Friday, the Fifth Circuit handed a major win to Texas and, I think, to the American people when a three-judge panel unanimously struck down a lower court decision invalidating the law. The case is NetChoice vs. Paxton, and the decision is below.
Netchoice vs Paxton by streiff at redstate on Scribd
Netchoice vs Paxton by streiff at redstate on Scribd
If you want the TL;DR version, this is the crucial part of the opinion.
The First Amendment protects speech: It generally prevents the government from interfering with people’s speech or forcing them to speak. The Platforms argue that because they host and transmit speech, the First Amendment also gives them an unqualified license to invalidate laws that hinder them from censoring speech they don’t like. And they say that license entitles them to pre-enforcement facial relief against HB 20.
We reject the Platforms’ attempt to extract a freewheeling censorship right from the Constitution’s free speech guarantee. The Platforms are not newspapers. Their censorship is not speech. They’re not entitled to pre-enforcement facial relief. And HB 20 is constitutional because it neither compels nor obstructs the Platforms’ own speech in any way. The district court erred in concluding otherwise and abused its discretion by issuing a preliminary injunction. The preliminary injunction is VACATED, and this case is REMANDED for further proceedings consistent with this opinion.
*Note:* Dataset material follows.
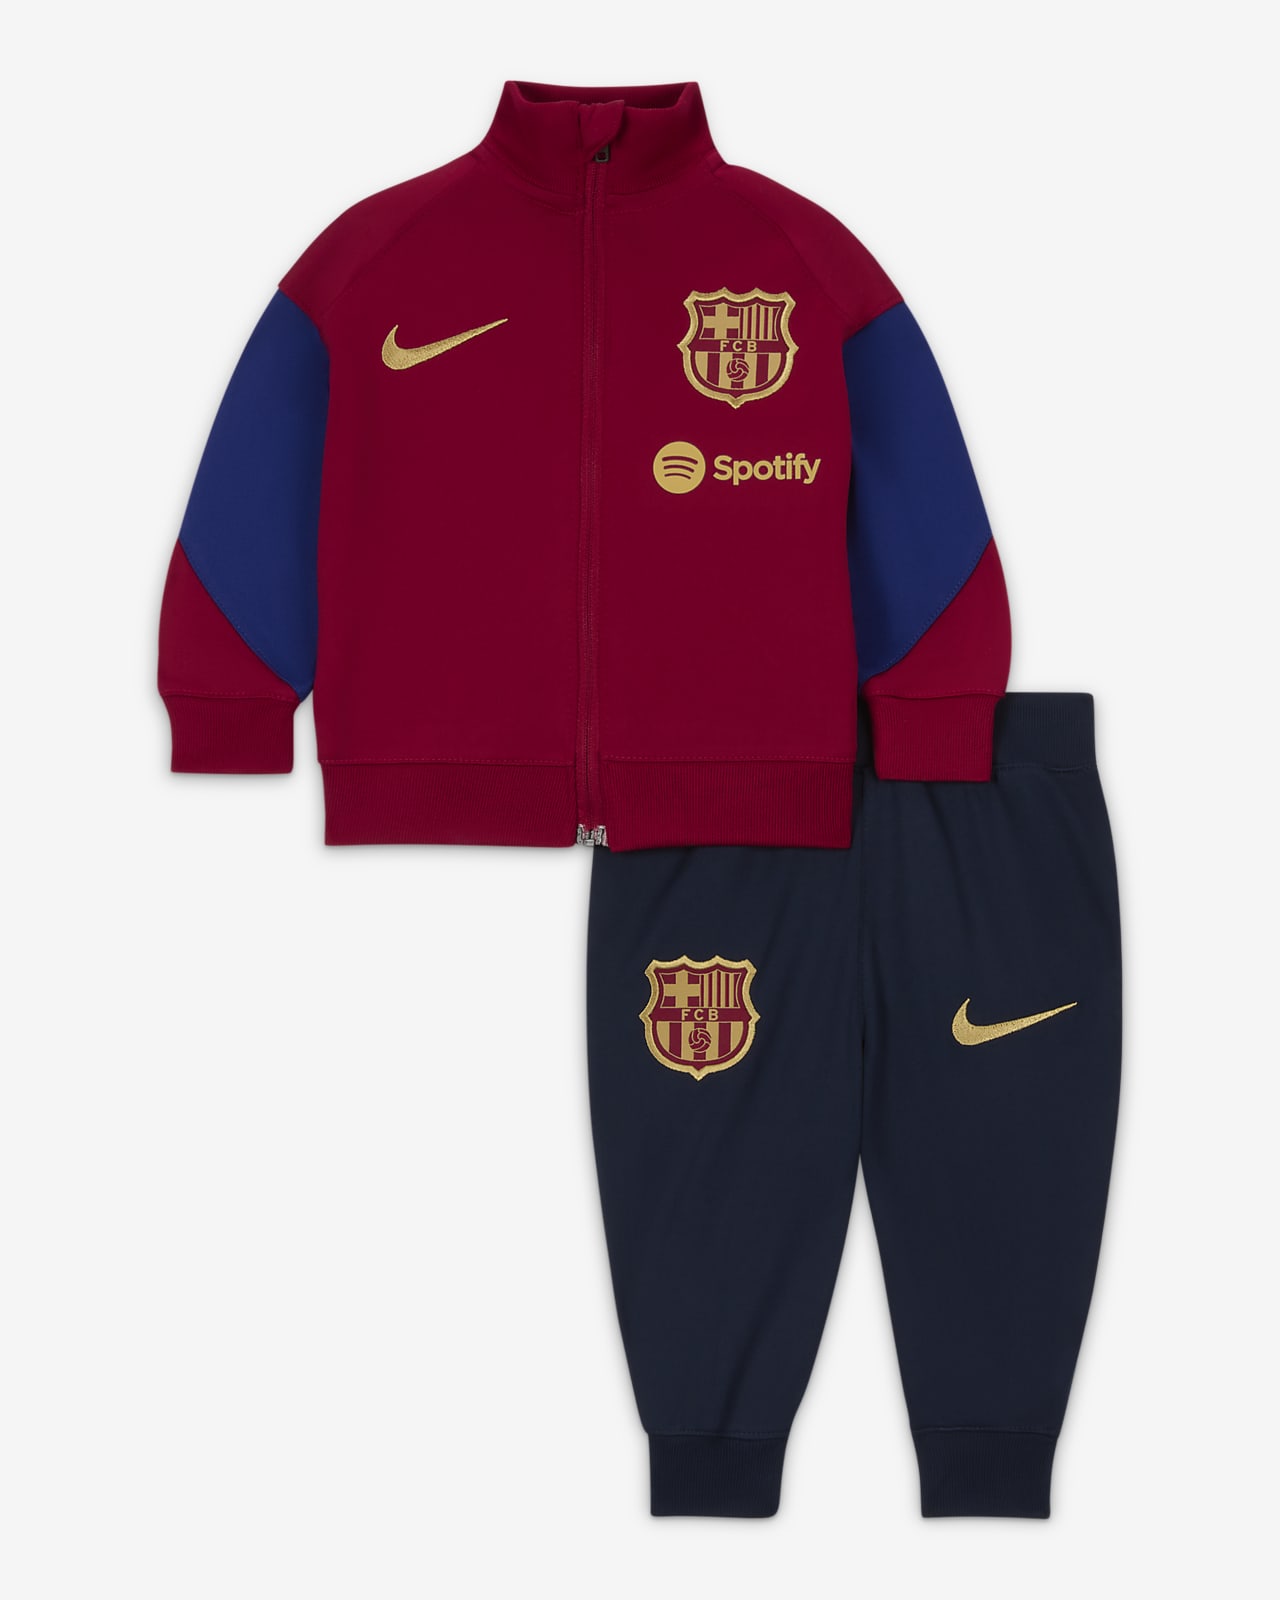 Ποδοσφαιρική φόρμα Nike Μπαρτσελόνα Strike για βρέφη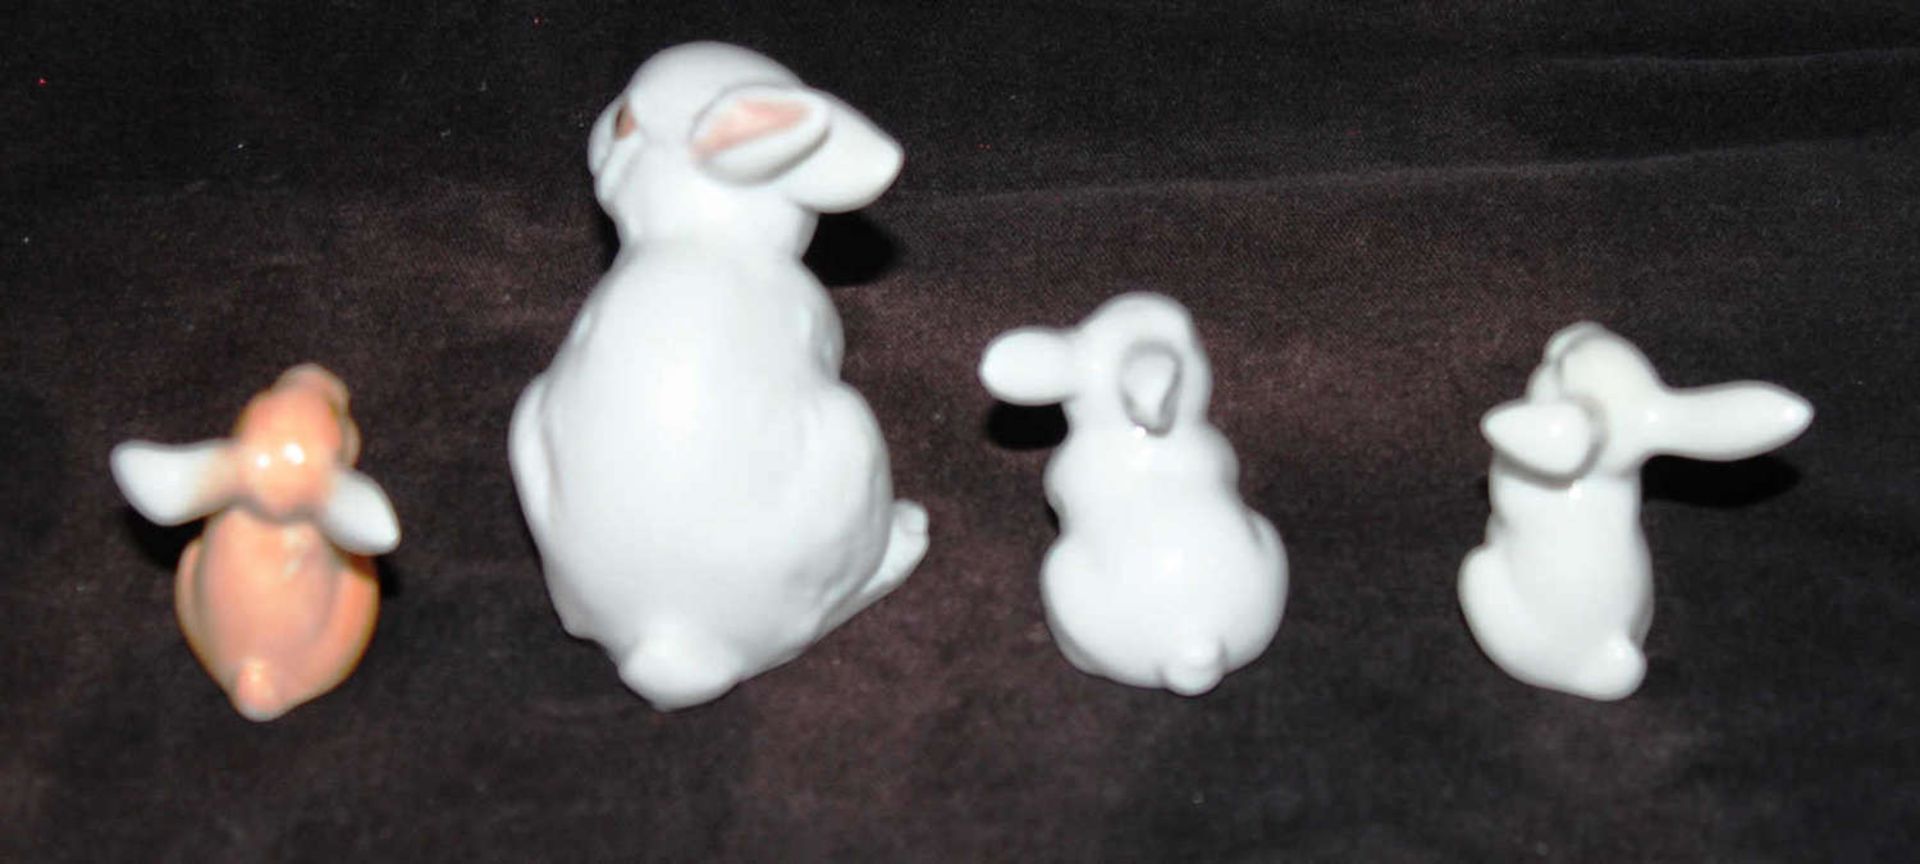 Rosenthal, 3 Porzellan Hasen, 2x Weissporzellan, 1x farbig lasiert, sowie 1 kleiner Hase, - Bild 2 aus 3

This all started in September 2021 when the Texas Legislature passed a pretty commonsense bill. It says that any social media platform with over 50 million subscribers may not censor (and the Texas law defines “censor” so that the “only government can censor” crowd won’t have a hernia):
(1) the viewpoint of the user or another person;
(2) the viewpoint represented in the user’s expression or another person’s expression; or
(3) a user’s geographic location in this state or any part of this state.
The Fifth Circuit panel notes that under Supreme Court precedents, to make a successful First Amendment challenge, the plaintiff must show that the “challenged law either (a) compels the host to speak or (b) restricts the host’s own speech. The Platforms cannot make either showing.” The law allows the platform’s management to say anything it wants to say; what it prohibits is that platform, when operating under the Section 230 safe harbor provided in the Communications Decency Act, from silencing the viewpoints of users.
When the Fifth Circuit lays out the attack on the Texas law, it exposes the self-contradictory heads-I-win-tails-you-lose nature of their argument (italics are in the original).
Section 230 undercuts both of the Platforms’ arguments for holding that their censorship of users is protected speech. Recall that they rely on two key arguments: first, they suggest the user-submitted content they host is their speech; and second, they argue they are publishers akin to a newspaper. Section 230, however, instructs courts not to treat the Platforms as “the publisher or speaker” of the user-submitted content they host. Id. ? 230(c)(1). And those are the exact two categories the Platforms invoke to support their First Amendment argument. So if ? 230(c)(1) is constitutional, how can a court recognize the Platforms as First-Amendment-protected speakers or publishers of the content they host?
The Platforms respond that they in fact are speakers and publishers, and Congress simply instructed courts to pretend they aren’t for purposes of publishing-related liability. Moreover, the legislature can’t define what constitutes “speech” under the First Amendment–otherwise, for example, it could abrogate Miami Herald by simply defining newspapers as “not publishers.” Because the legislature may not define what constitutes FirstAmendment-protected speech, the Platforms argue ? 230 has no bearing on the constitutional questions in this case.
The opinion also supports Texas using “common carrier” doctrine to break social media censorship.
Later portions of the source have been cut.